Talai zögert und nickt, als würde es sie Überwindung kosten. Offensichtlich behagt es ihr nicht, He'sha allein ziehen zu lassen. Aber er kann sich im Moment nicht erlauben, darüber nachzudenken, was die junge Frau vielleicht für ihn empfindet. Sanft streicht er Laiàn übers Haar.
«Was denkst du, wo wird Sorim in der Mine zuerst hingehen?»

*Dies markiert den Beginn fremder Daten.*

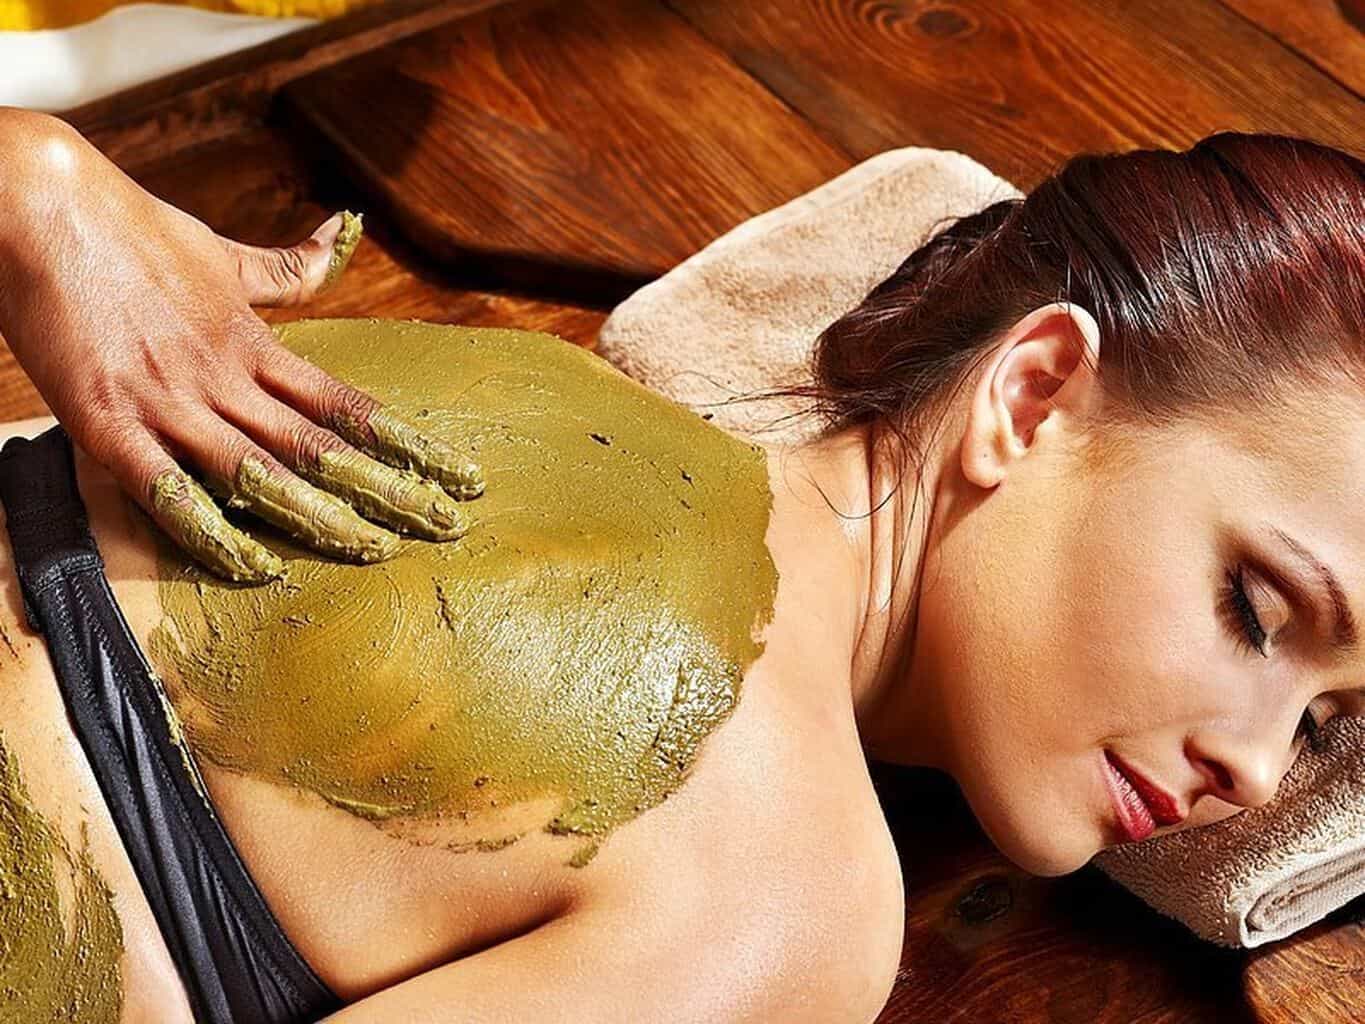 a woman being massaged

«Das frage ich mich schon die ganze Zeit. Am Anfang dachte ich, direkt zum Haus des Magiers. Aber nun glaube ich, dass er versucht, einige seiner alten Freunde zu finden. Als Lichtjunge kennt er fast alle Kinder, die dort arbeiten. Ich hoffe nur, dass er nicht mit ihnen in den Schacht hinunter steigt.»
«Weshalb?»
«Wenn einer der Aufseher ihn erwischt, meldet er ihn, und dann wird er eingesperrt. Sie werden ihn hart bestrafen, um die anderen Kinder davon abzuhalten, ebenfalls die Flucht zu versuchen.»
Vermutlich hat sie damit recht. He'sha drückt kurz ihre Schulter und nickt dem beiden Frauen zu. Bevor er sich auf den Weg machen kann, packt ihn Laiàn ängstlich an der Hand.
«He'sha, vielleicht versucht Sorim auch, von dem Sprengmittel des Magiers zu holen.»
He'sha überlegt. Wann hat er Sorim zu letzten Mal gesehen? War er noch da, als das Gespräch auf das Sprengmittel kam? Mit zusammengekniffen Mund wendet er sich ab und bricht auf. Obwohl er sich nicht mehr umsieht, spürt er die besorgten Blicke der anderen noch lange im Nacken.
Der Himmel ist wolkenverhangen und das Licht bereits düster. Es wir nicht mehr lange dauern, bis er in seine Schattenform wechseln kann. Bis dahin muss er aber vorsichtig sein. Er kennt sich in diesen Bergen nicht so gut aus wie Sorim. Zum Glück erinnert er sich an das Terrain von den Flügen mit Luok. So findet er den Weg zu den Abfallhalden schneller, als er befürchtete. Er sucht sich ein Versteck, von dem aus er das Minengelände übersehen kann.
Seine Hoffnung, Sorim von hier aus zu entdecken, muss He'sha bald aufgeben. Offensichtlich geht soeben die Schicht zu Ende. In langen Reihen bewegen sich zahlreiche kleine Gestalten von drei verschiedenen Stellen des Geländes auf die Gruppe der armseligen Hütten zu, die den Kindern als Unterkunft dienen. Manche von ihnen gehen mit langsamen, schlurfenden Schritten, als wären sie müde und alt. He'sha presst die Lippen zusammen. Er hat noch nie Kinder mit sowenig Lebensfreude beobachtet. Nun kommen ihnen von den Hütten her andere Kinder entgegen. Bald wimmelt es auf dem Gelände von kleinen Gestalten. He'sha hat keine Möglichkeit zu erkennen, ob Sorim dabei ist.